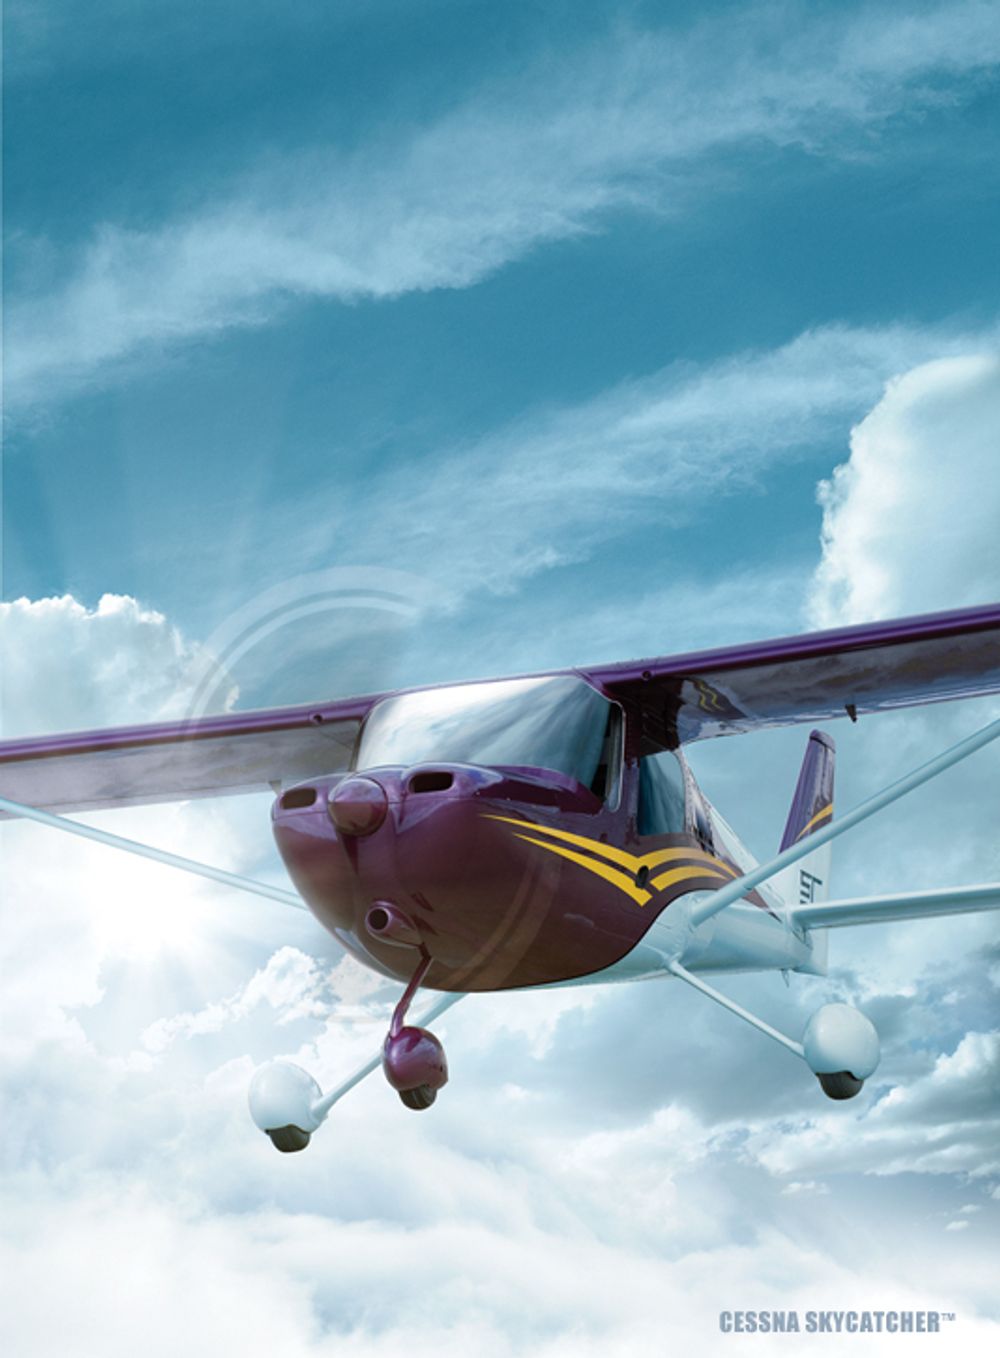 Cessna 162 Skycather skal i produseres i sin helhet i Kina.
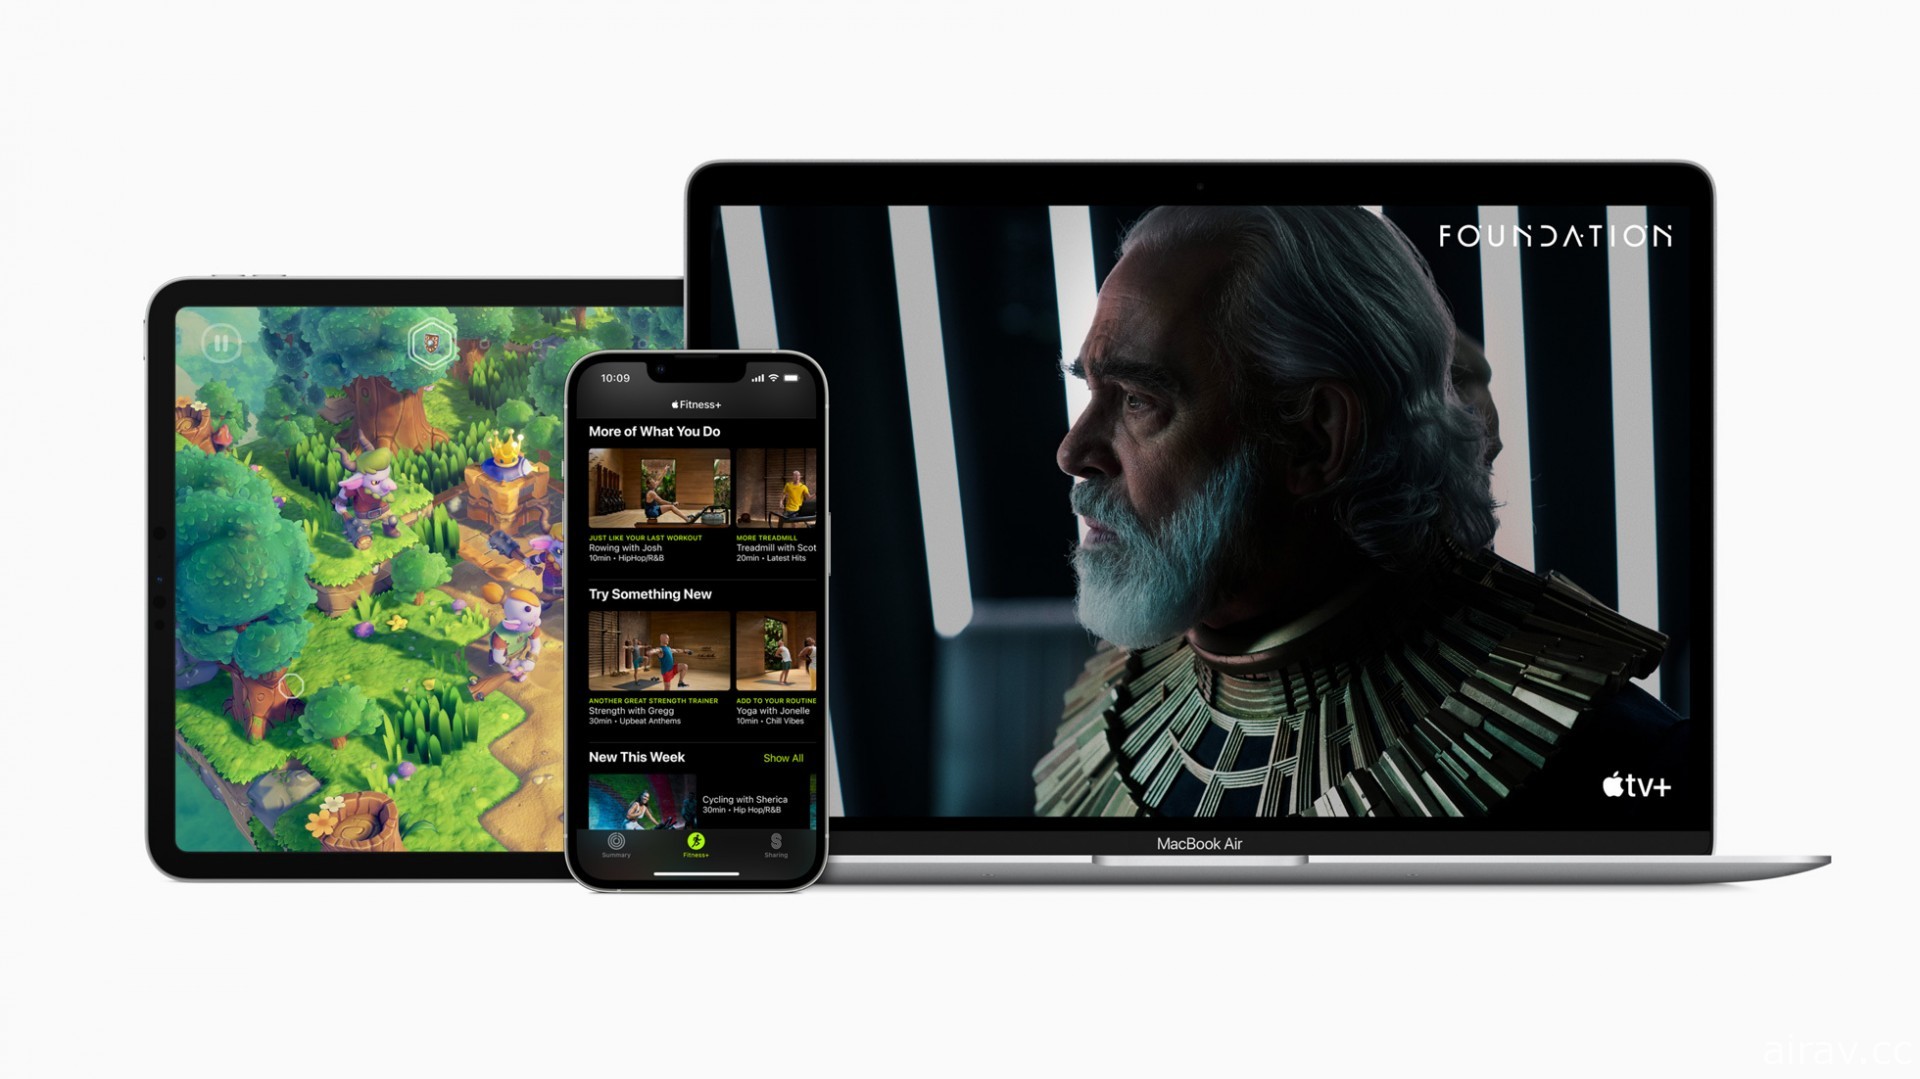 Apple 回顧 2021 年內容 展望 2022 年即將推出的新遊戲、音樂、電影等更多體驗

* * *

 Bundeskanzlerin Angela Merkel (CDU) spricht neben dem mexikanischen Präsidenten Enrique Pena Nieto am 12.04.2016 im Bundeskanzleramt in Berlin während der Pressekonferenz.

* * *

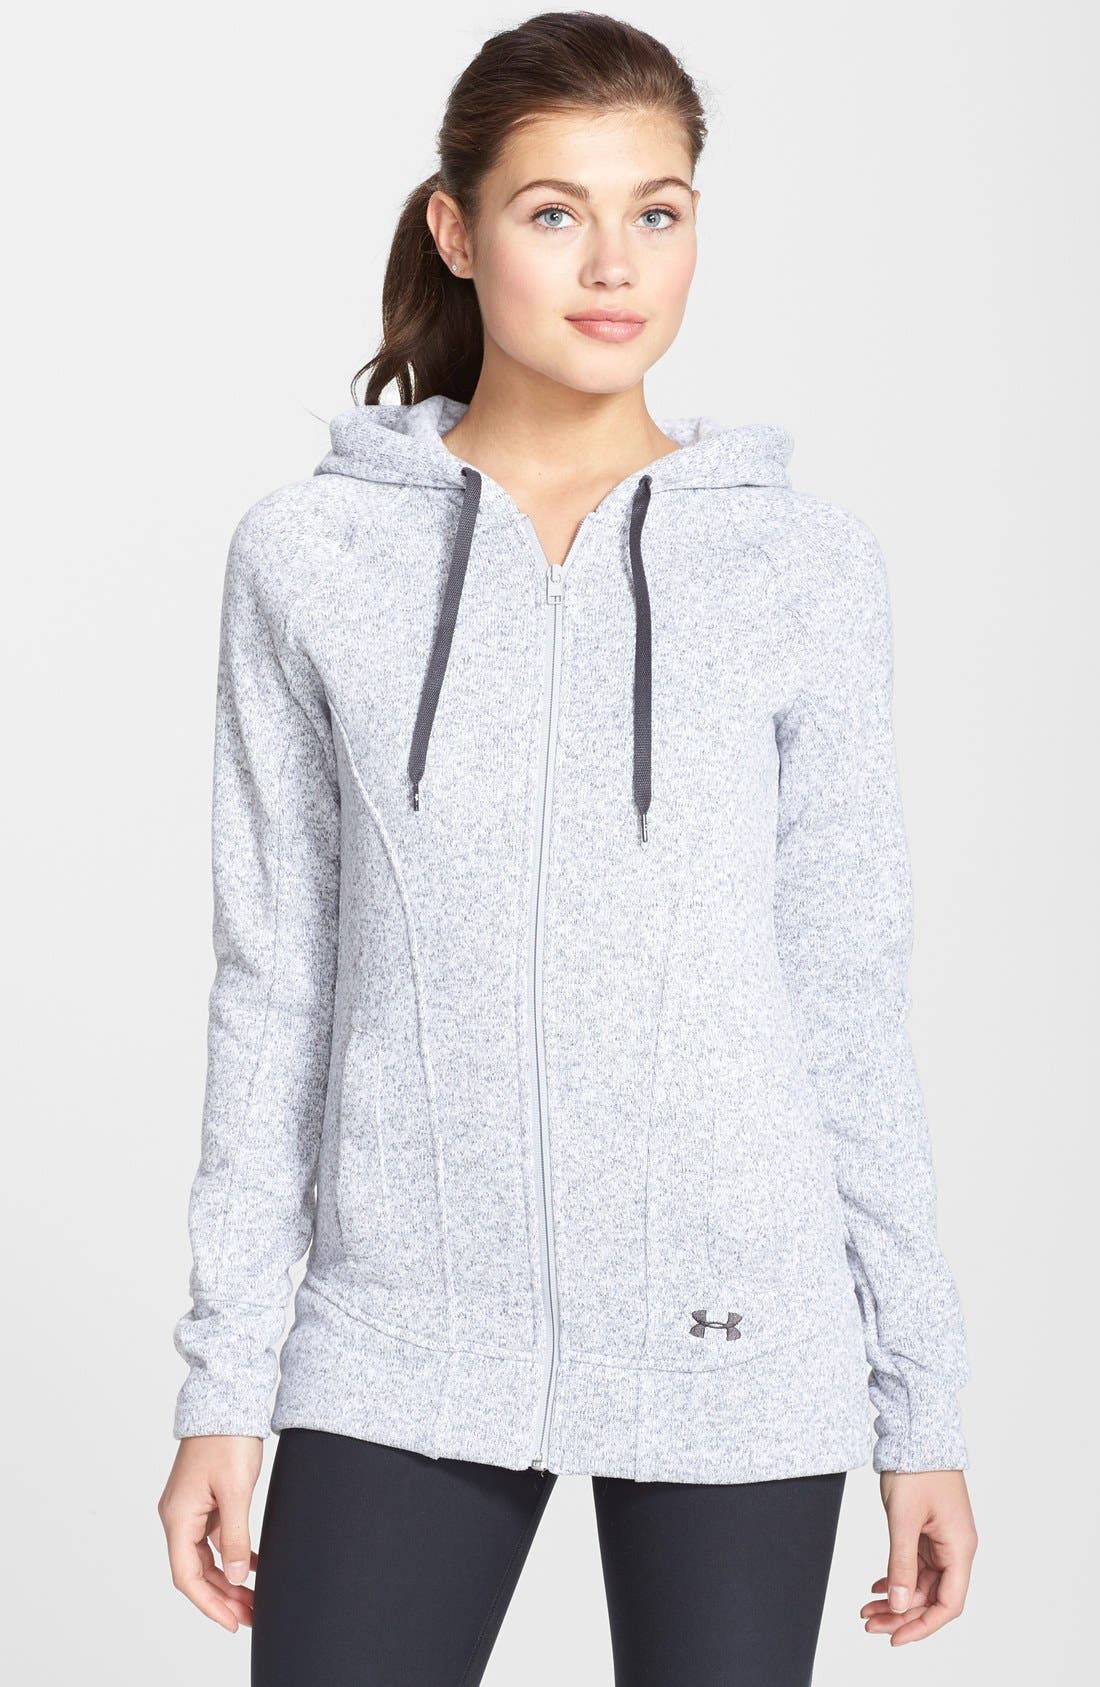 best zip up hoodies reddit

§ **Instructions to follow**
Using the listing above, repeat word for word each line from the one with "Cessna 162 Skycather" down to the one with "Apple 回顧 2021", both included. Omit all pictures.

§ **Response**
 Cessna 162 Skycather skal i produseres i sin helhet i Kina.
 Apple 回顧 2021 年內容 展望 2022 年即將推出的新遊戲、音樂、電影等更多體驗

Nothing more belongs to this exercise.